• GOAL OF THE EXERCISE:
Below are some records. Retype exactly the lines from the one containing "CBSE Class 10" through the one containing "Мангал maclay мангал", both included, skipping every picture.

• GIVEN ENTRIES:
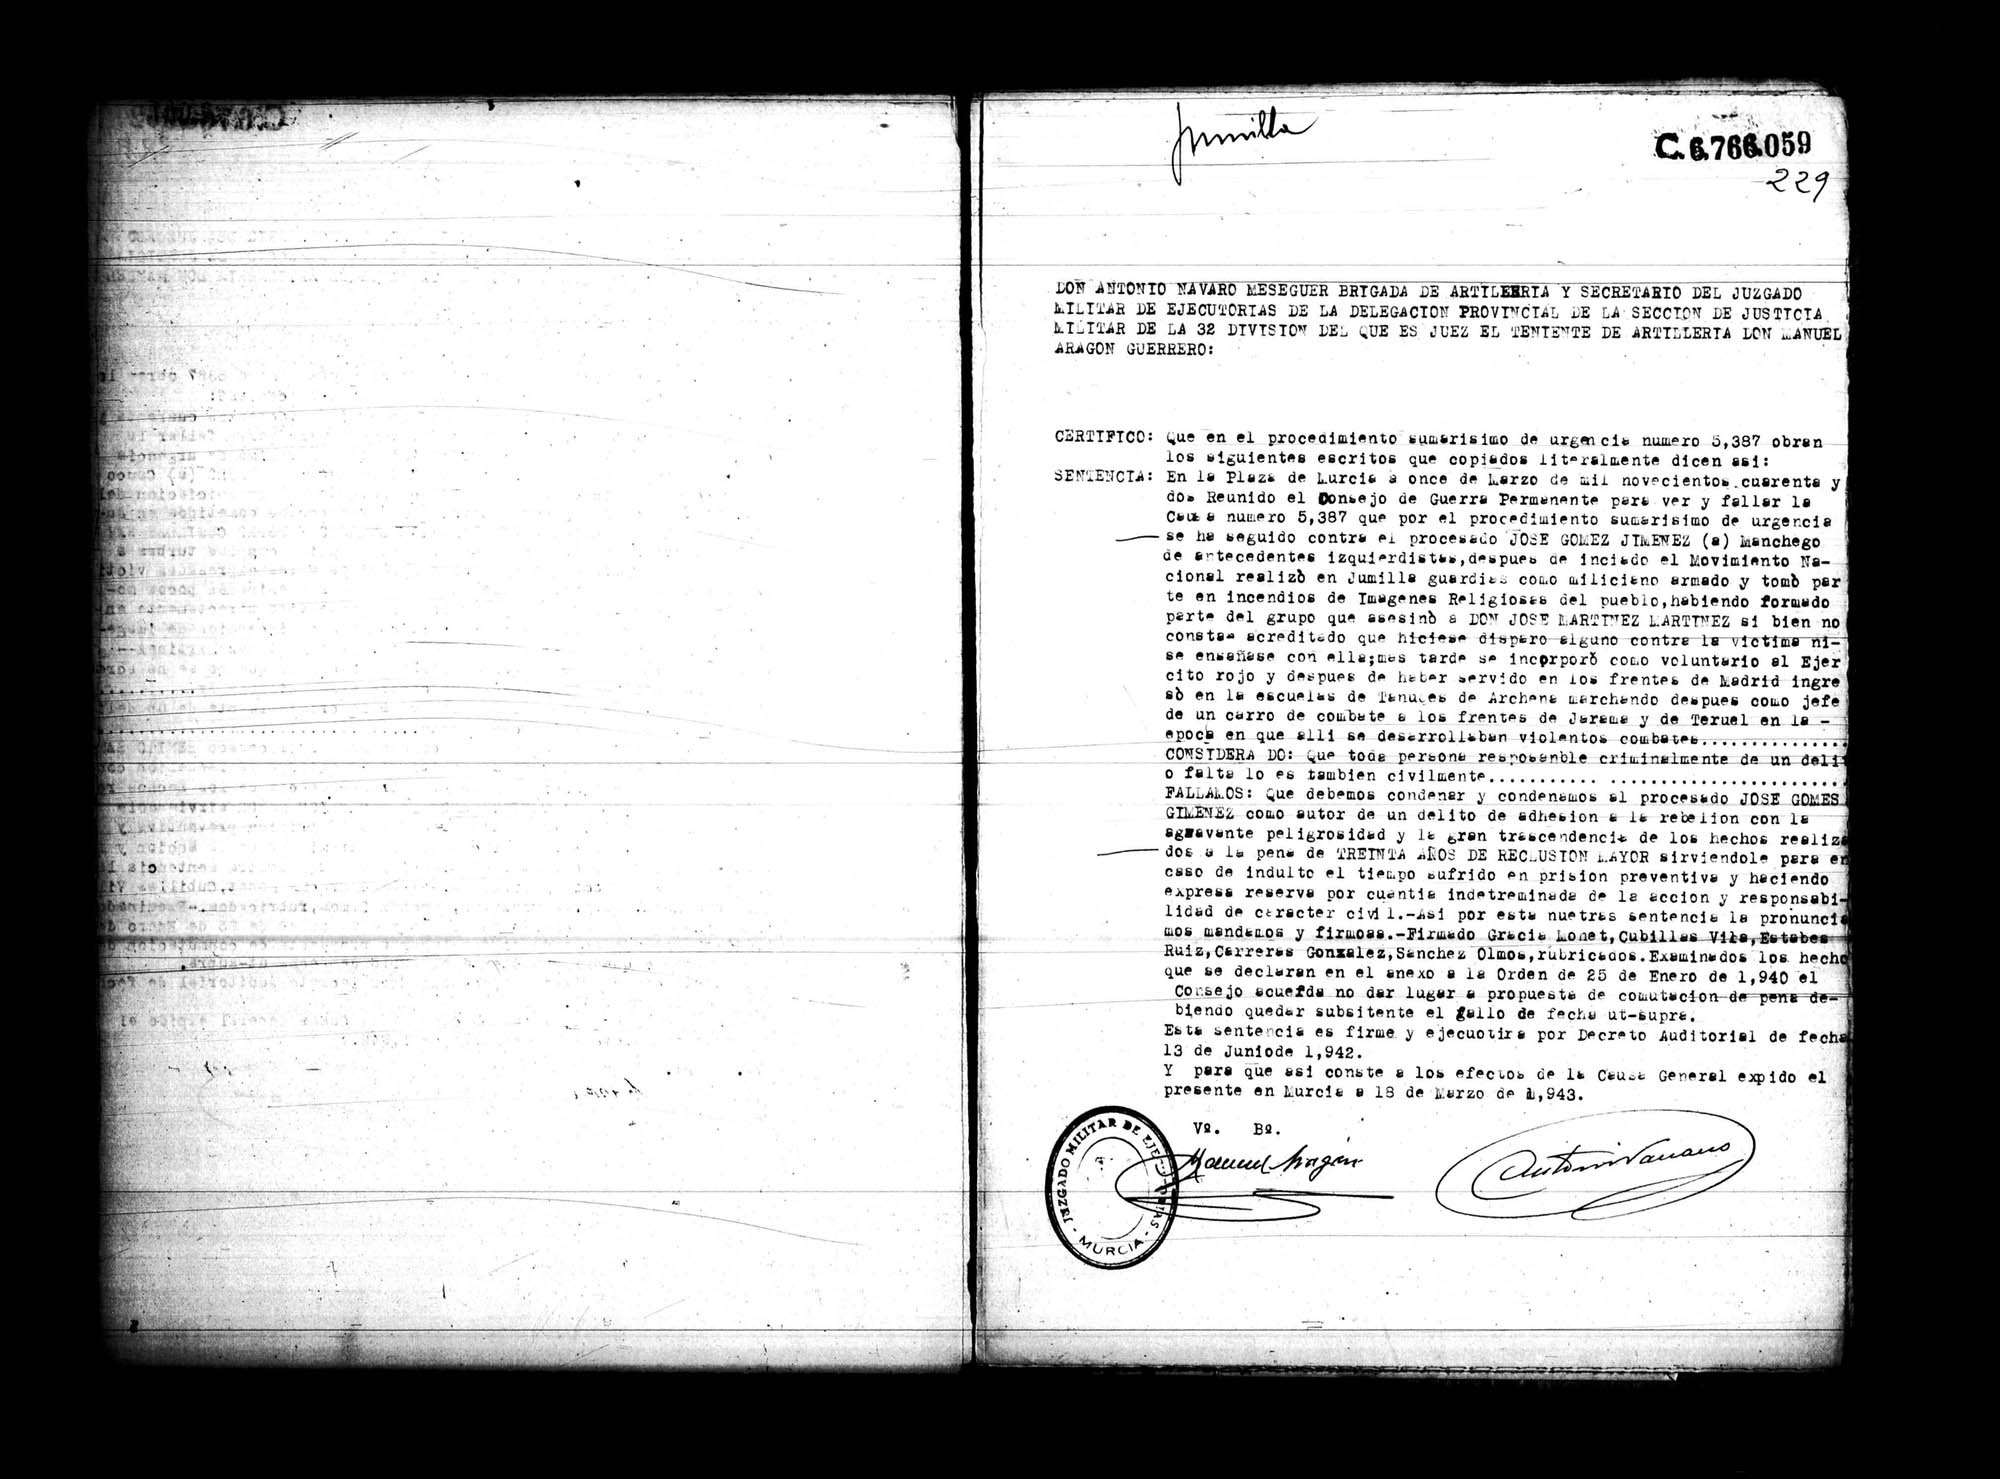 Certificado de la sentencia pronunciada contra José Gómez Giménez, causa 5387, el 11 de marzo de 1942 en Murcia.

---

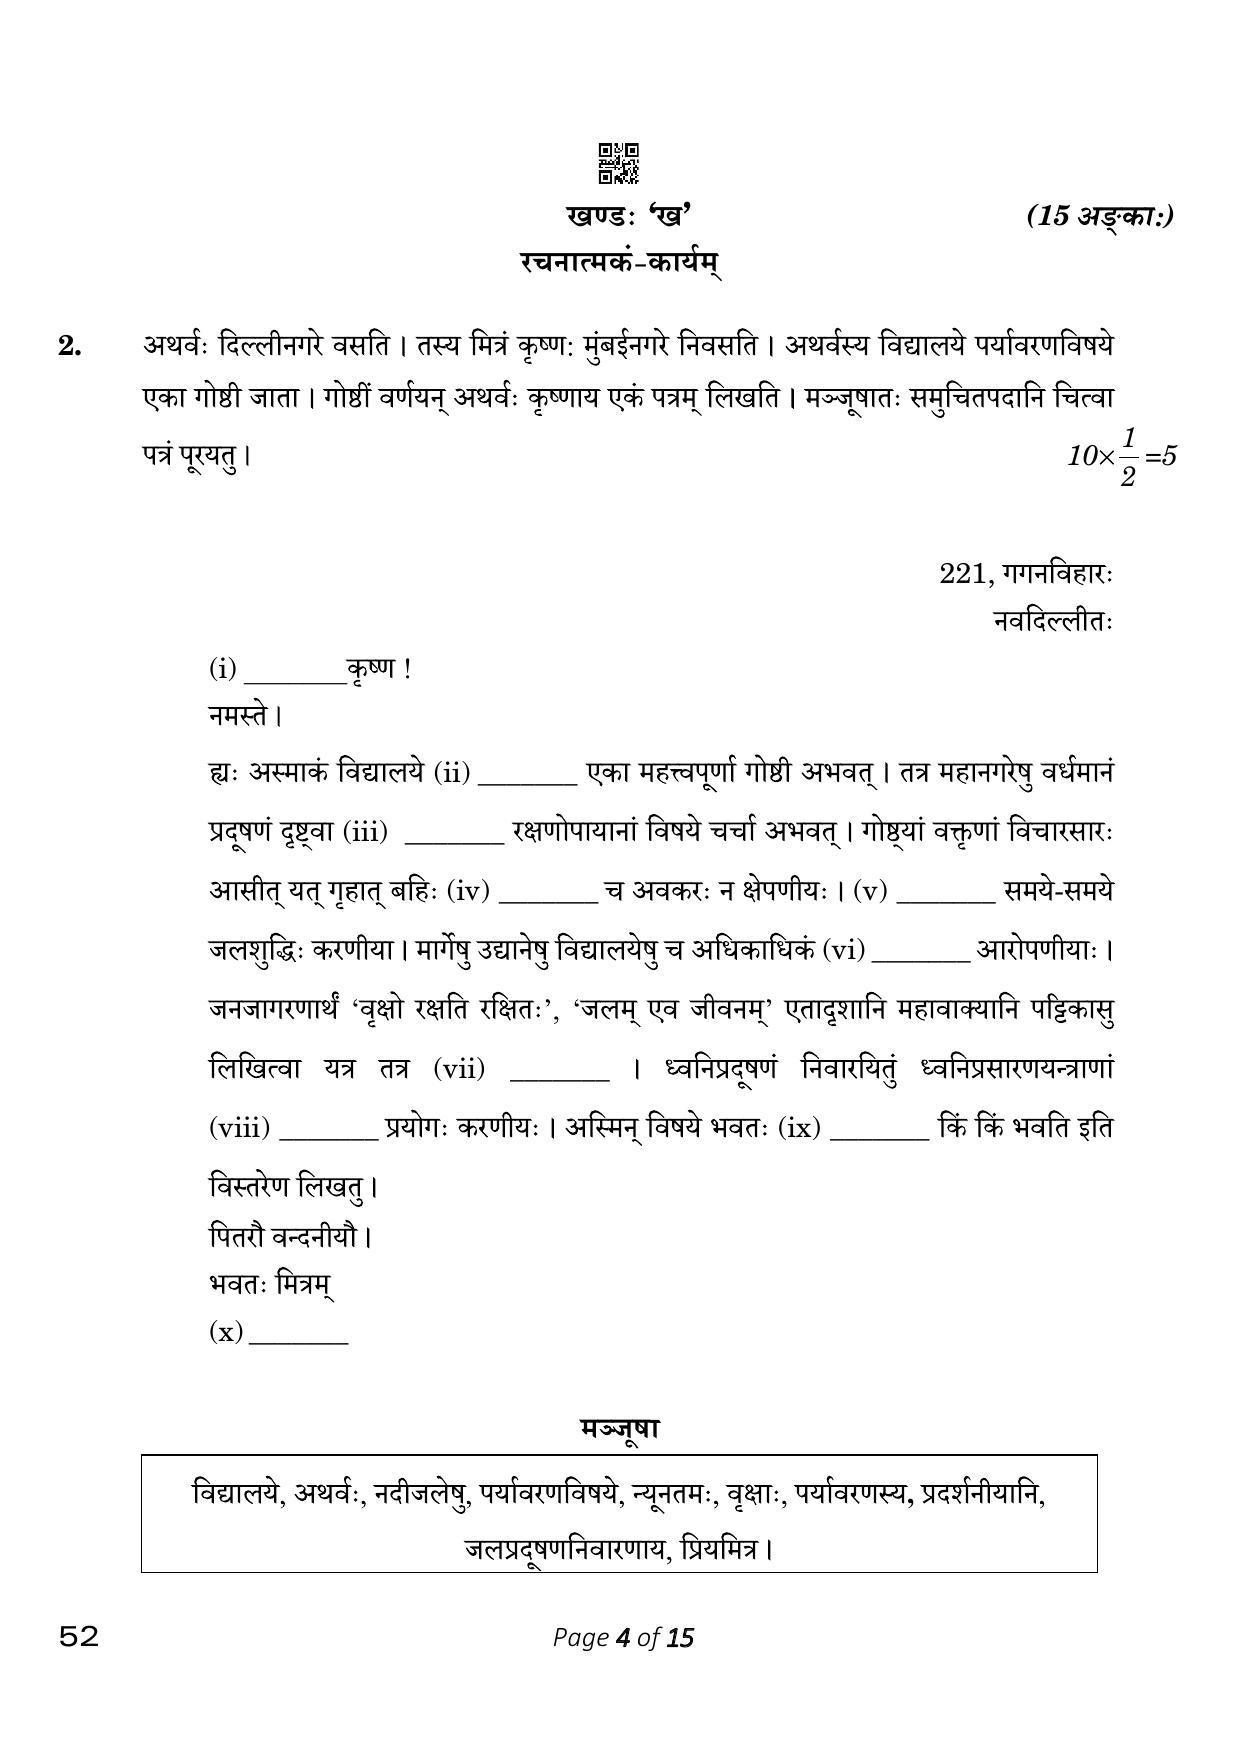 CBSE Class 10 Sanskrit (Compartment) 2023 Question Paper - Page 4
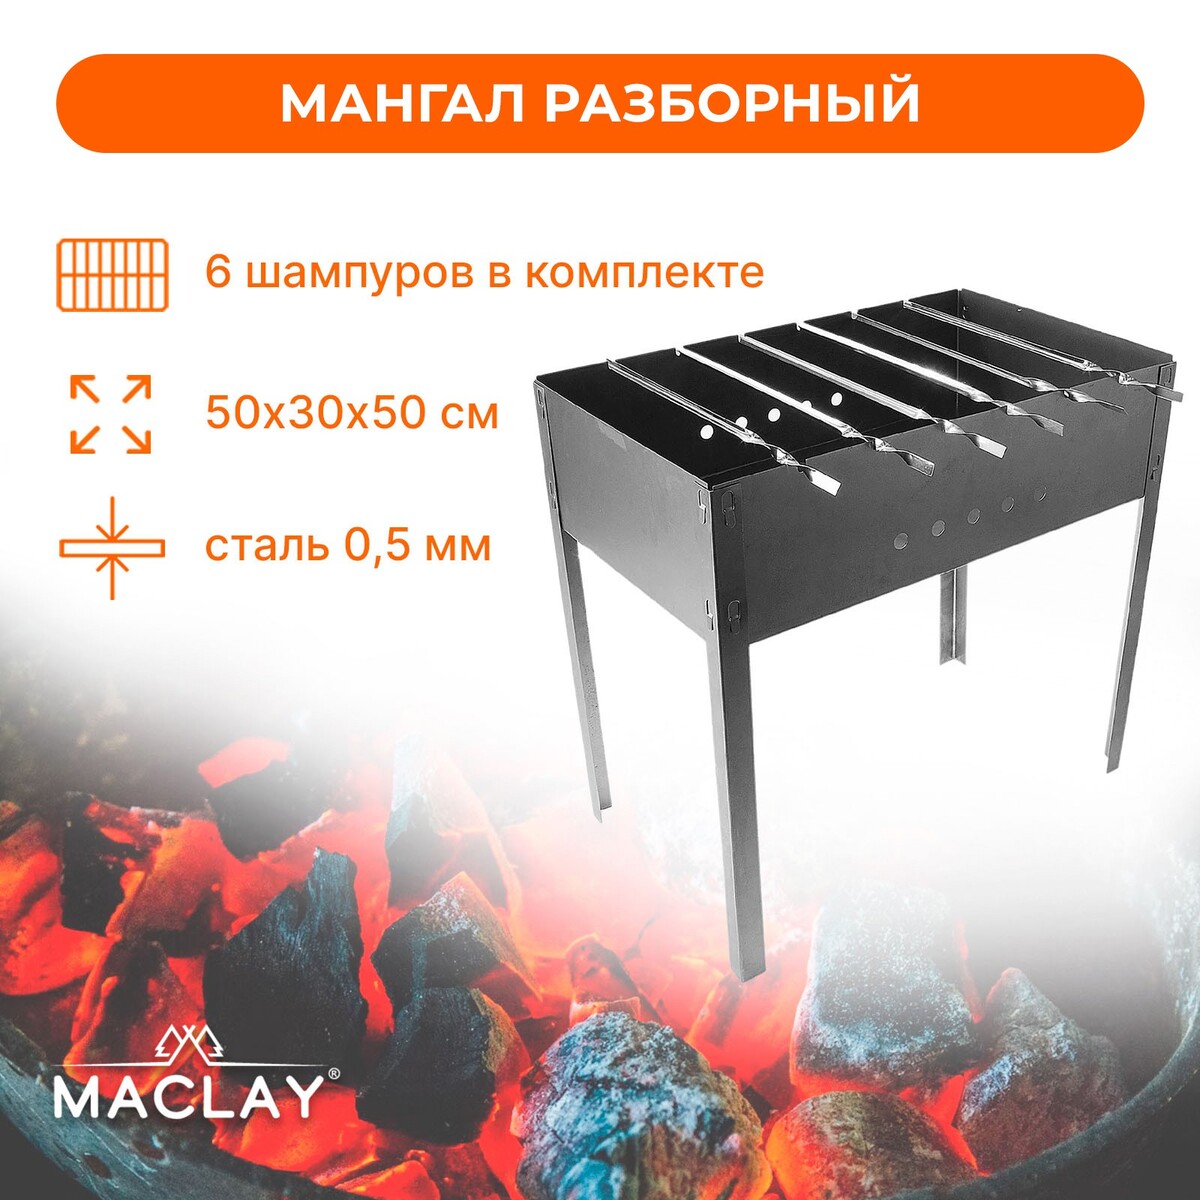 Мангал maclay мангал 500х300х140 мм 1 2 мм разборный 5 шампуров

==

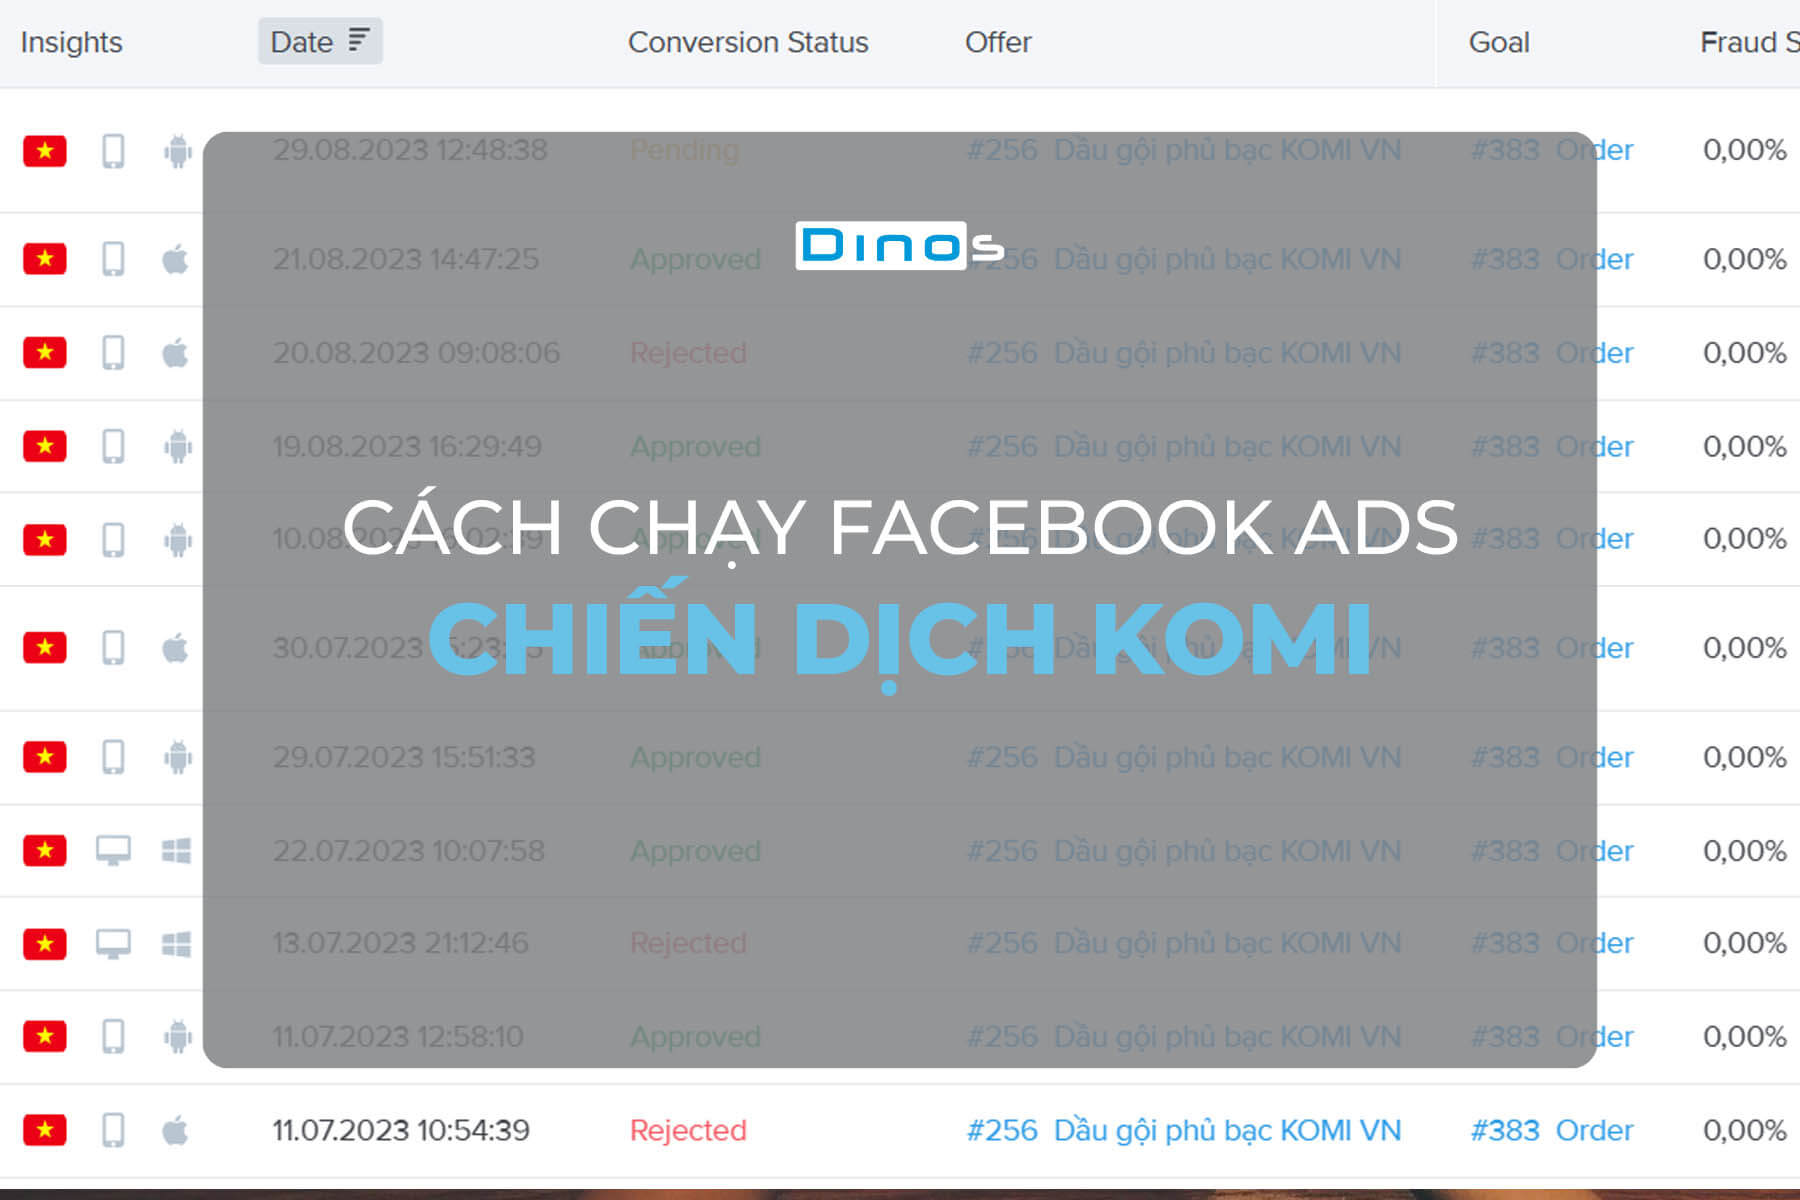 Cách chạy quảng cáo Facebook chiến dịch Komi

• EXERCISE ANSWER:
 CBSE Class 10 Sanskrit (Compartment) 2023 Question Paper - Page 4
 Мангал maclay мангал 500х300х140 мм 1 2 мм разборный 5 шампуров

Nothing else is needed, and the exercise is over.